* How to complete this task:
Your answer must be the line containing "Türkiye 2015, 175th" and each following line to the end of the listing below, copied exactly, with pictures removed and nothing added.

* Material provided:
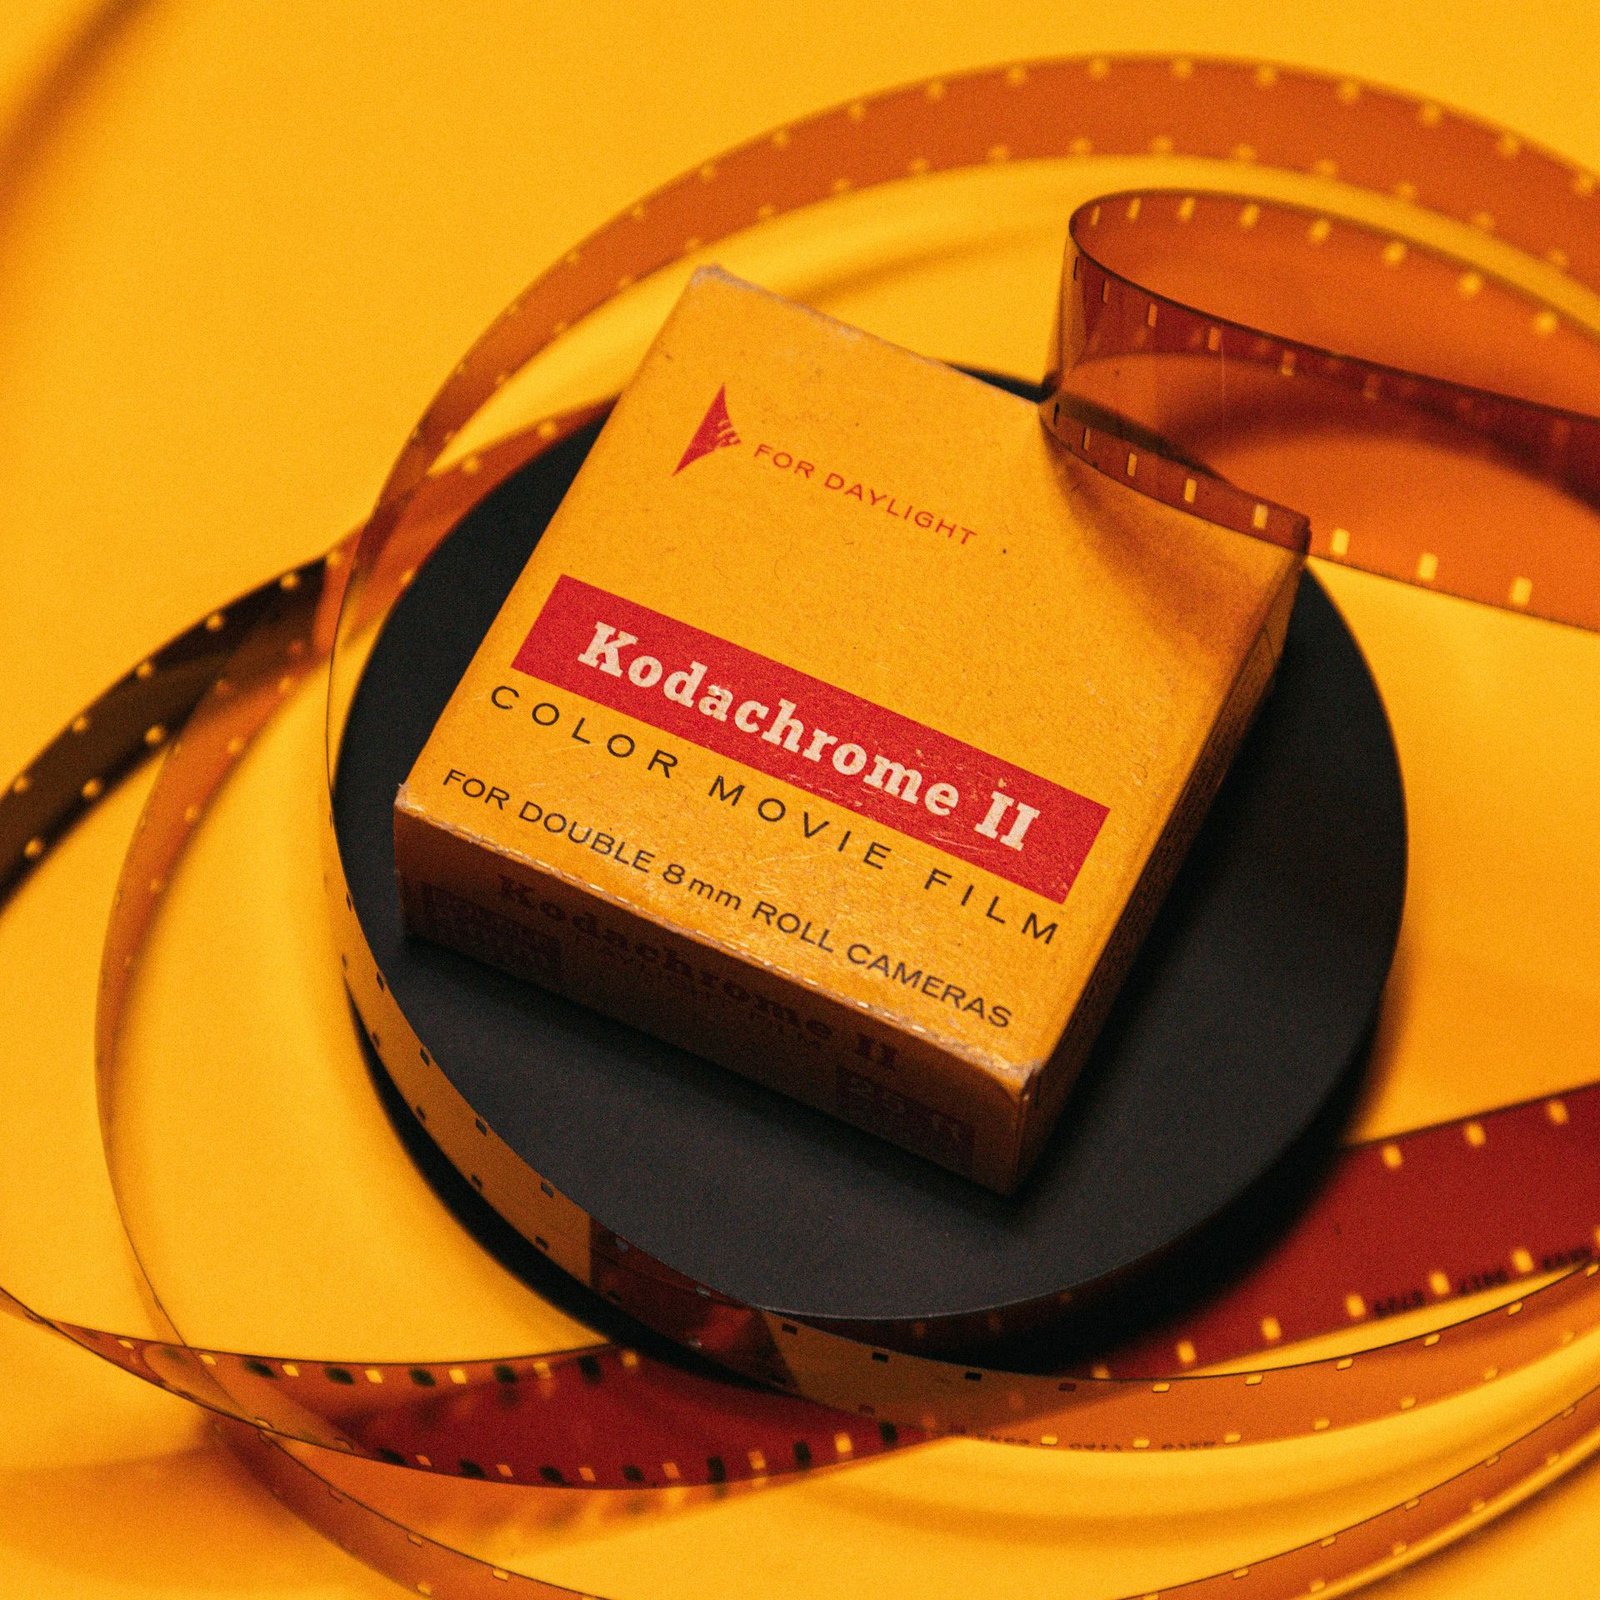 Verpackung von einem Film von dem ehemaligen Brand Leader Kodak
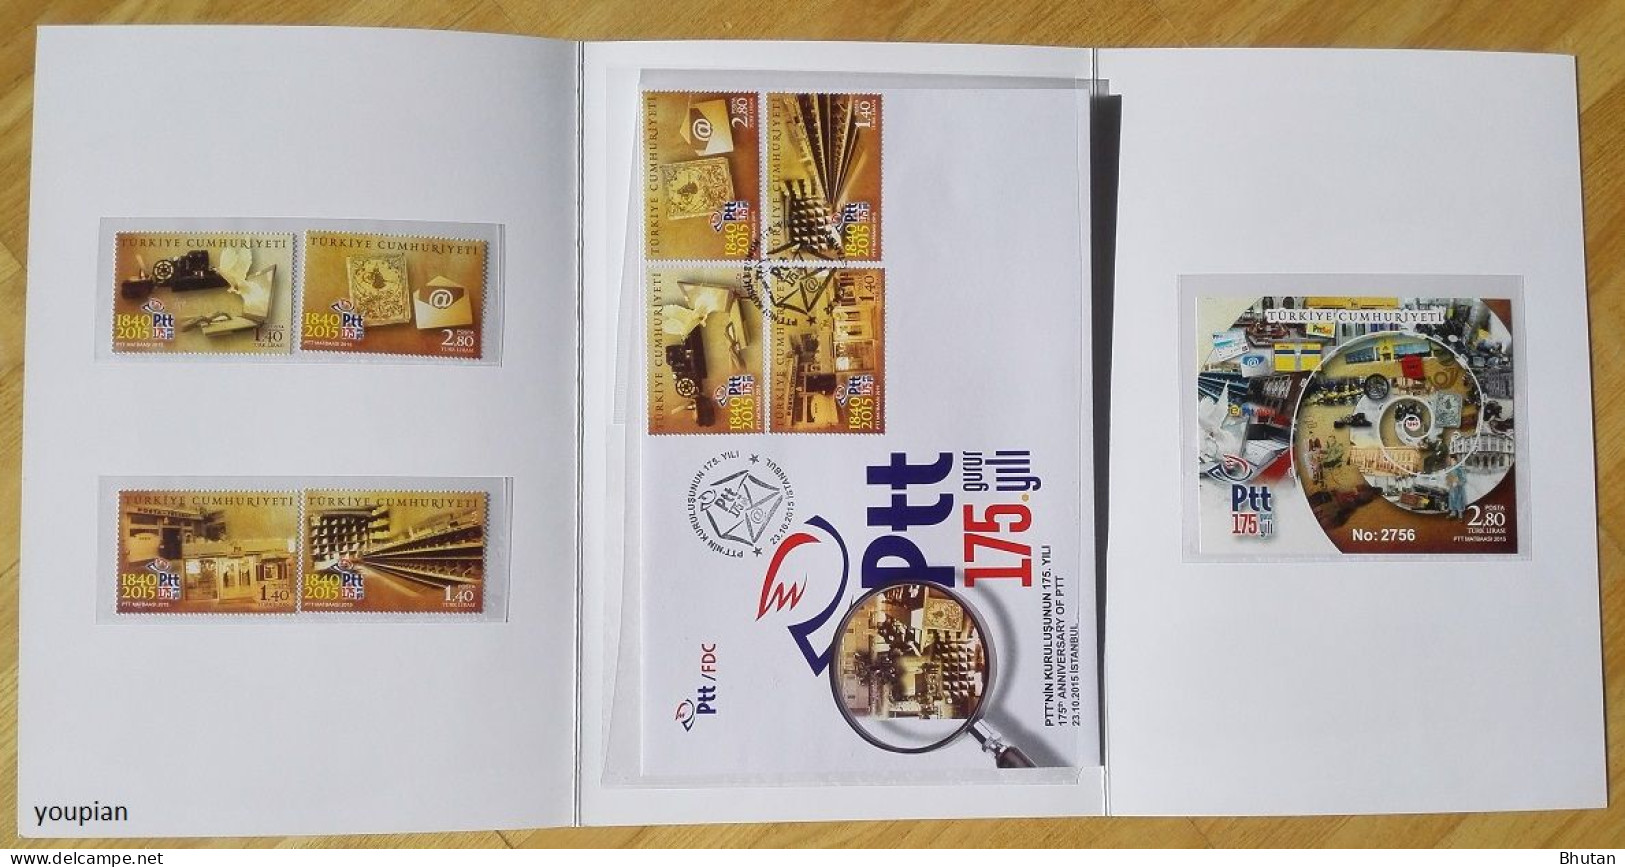 Türkiye 2015, 175th Anniversary Of PTT, MNH Unusual S/S, Stamps Set And FDC - Portfolio - Ongebruikt
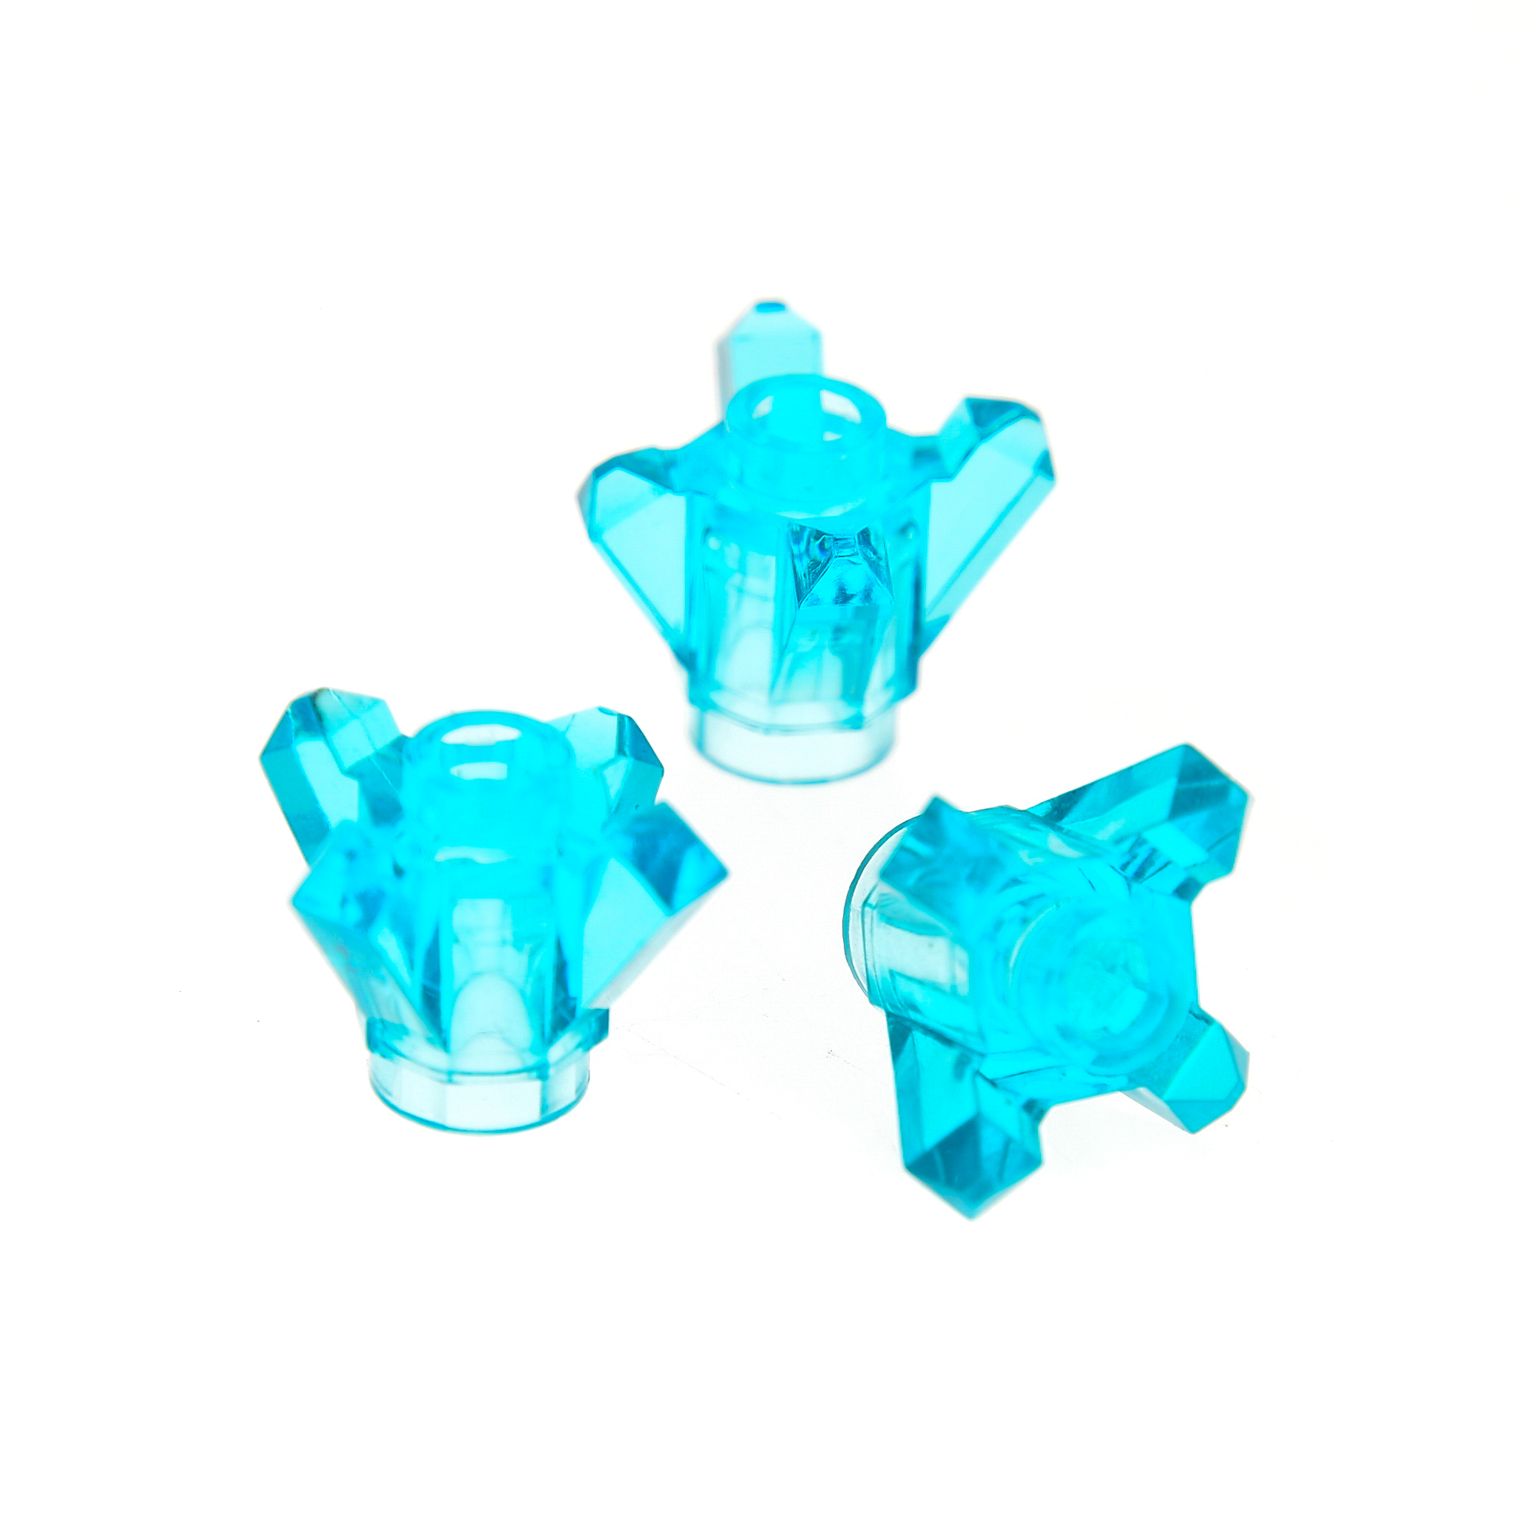 Lego 5 blau-mittel-transparente Kristalle mit 5 Zacken neu rar 
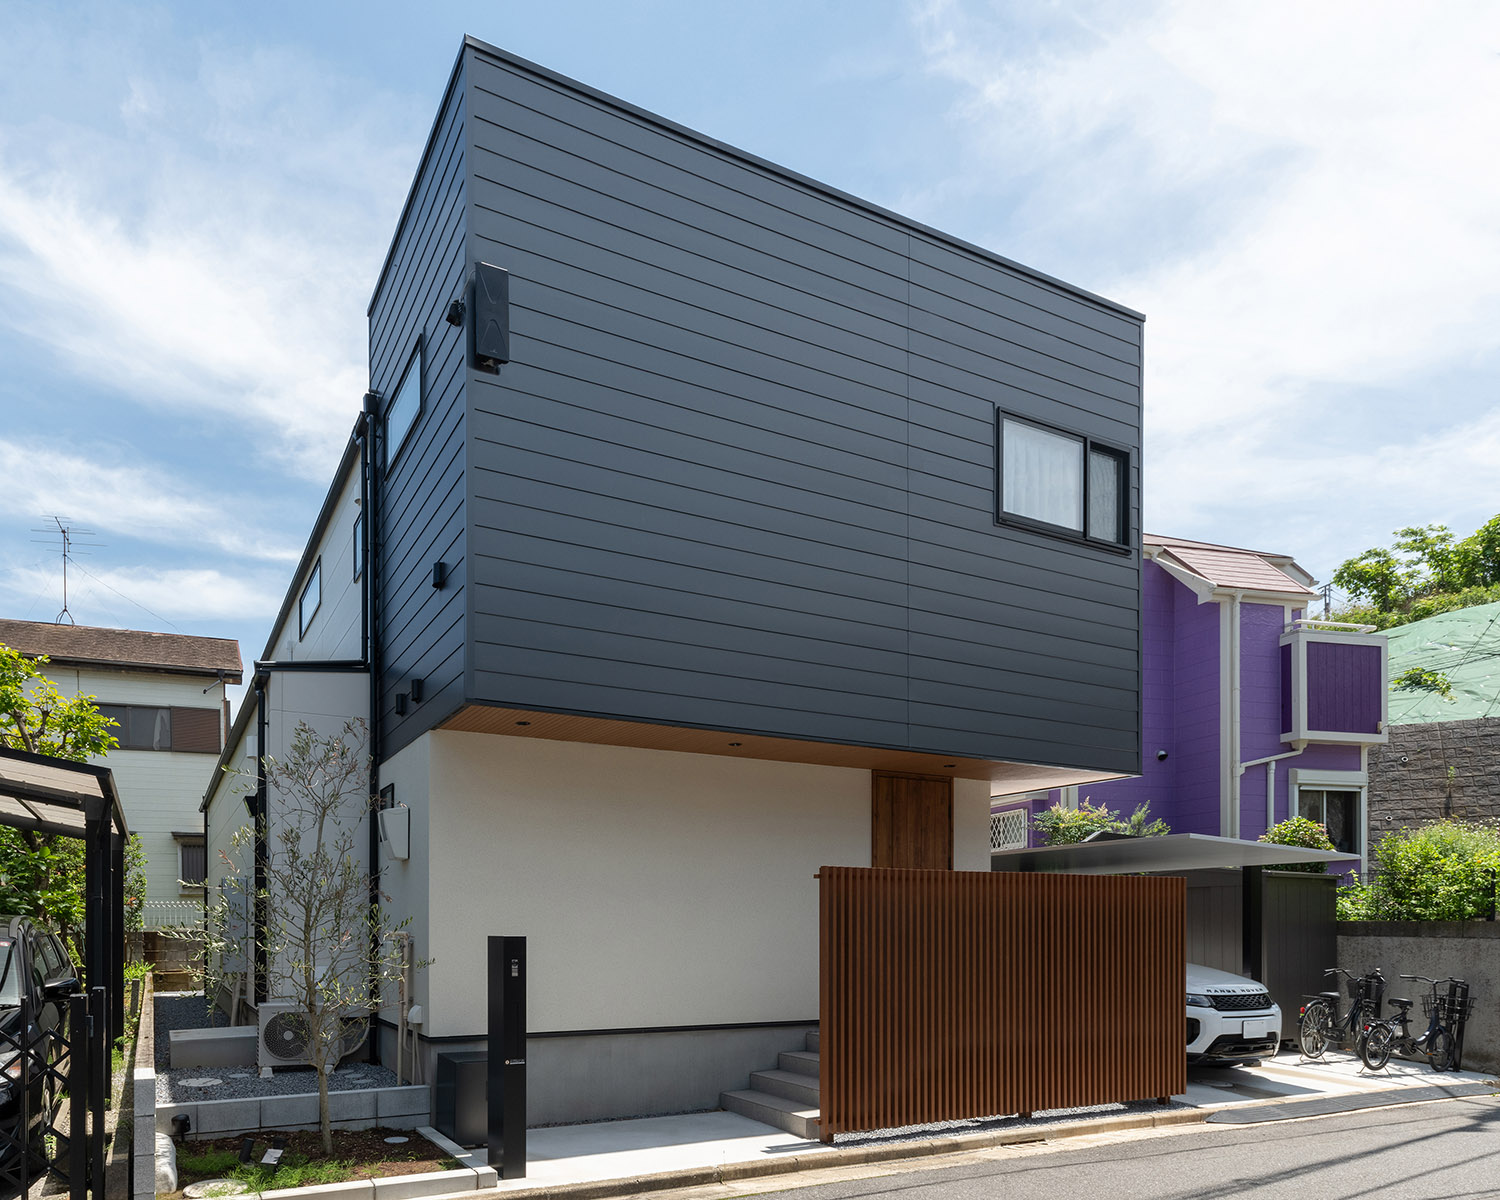 黒い金属の外壁と白い外壁を組み合わせた外観の住宅・デザイン住宅

* Exercise response:
 Türkiye 2015, 175th Anniversary Of PTT, MNH Unusual S/S, Stamps Set And FDC - Portfolio - Ongebruikt
 Lego 5 blau-mittel-transparente Kristalle mit 5 Zacken neu rar 
 黒い金属の外壁と白い外壁を組み合わせた外観の住宅・デザイン住宅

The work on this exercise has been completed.